Giocare con gli Obiettivi: Il tappo Stenopeico - #Corso #Fotografia

Glauco Silvestri
La mitica scatola delle sorpresine del Mulino Bianco
Le prime lezioni di fotografia le ho ricevute da bambino, grazie a un maestro delle elementari che mi permetteva di provare la sua Pentax completamente manuale. Fu lui a spiegarmi per la prima volta come funzionava una macchina stenopeica, in pratica, a spiegarmi come funzionavano le prime macchine fotografiche. 
Ricordo che, da bambino costruii due macchine di questo tipo: una piccolissima con una scatola delle sorpresine del Mulino Bianco, una più grande con una scatola da scarpe. Ci giocavo come se quegli schermi artigianali fossero il mirino del mio aereo da combattimento. Vedevo le immagini rovesciate, al centro avevo disegnato una sorta di tacca di mira... La fantasia dei bambini è davvero senza confini.

Passarono gli anni, ebbi la mia prima fotocamera reflex, dimenticai la spensieratezza delle camere stenopeiche, e mi dedicai alla fotografia su pellicola da 35mm.
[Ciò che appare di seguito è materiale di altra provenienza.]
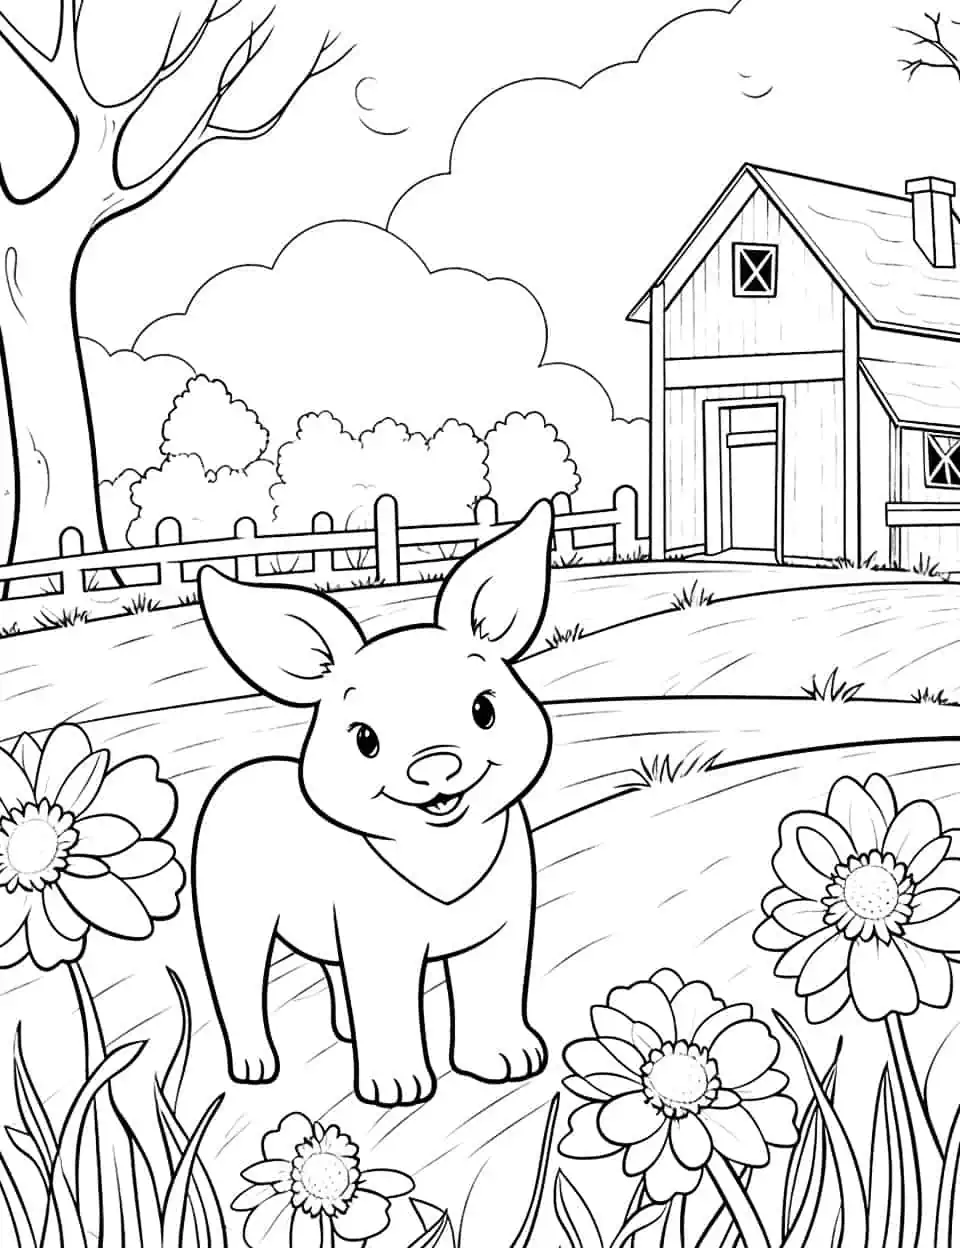 Spring Farm Visit Coloring Page - A detailed coloring page featuring a spring day visit to a farm with baby animals.

Il mio primo incontro con una Holga fu più o meno cinque anni fa, guardando una vetrina in centro città. Pensai fosse una macchina fotografica per bambini... Quanto mi sbagliavo... La Holga è una macchina stenopeica funzionante.
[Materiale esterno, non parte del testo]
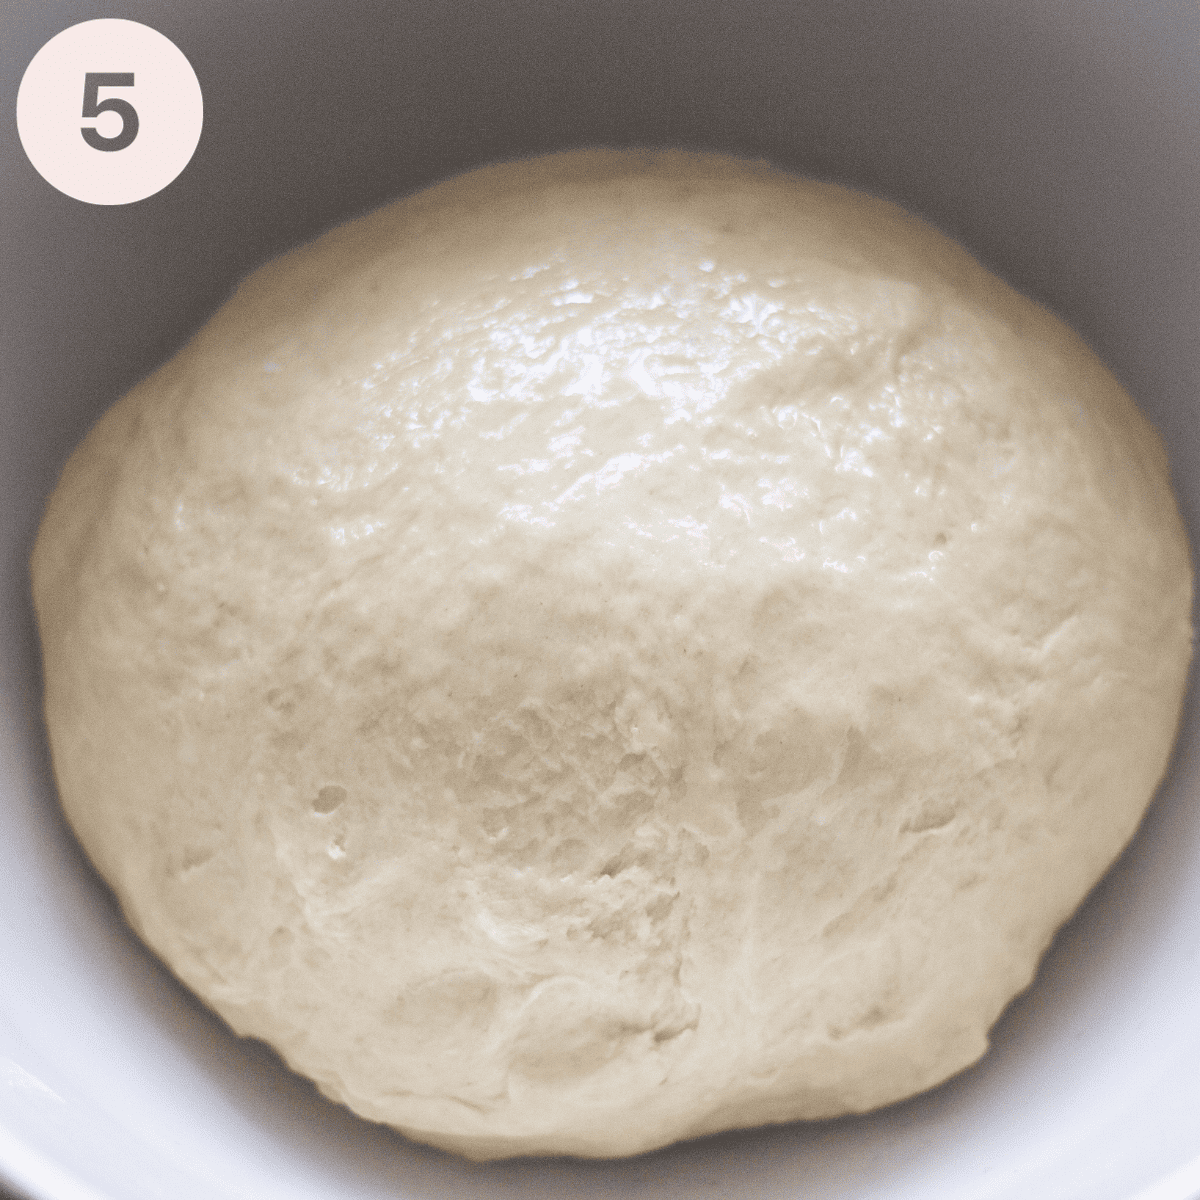 The dough being left to rise.

Una foto scattata da una Holga
La peculiarità di questa macchina è quella di non dare mai un risultato certo. Fa 'foto brutte', spesso sfuocate, con grande vignettatura, e colori sparati. Solo che queste 'foto brutte' sono davvero belle... per lo meno, il più delle volte hanno qualcosa di davvero unico, incredibile. Qui a fianco potete osservare una foto scattata con una Holga, immagine che ho trovato online grazie a google.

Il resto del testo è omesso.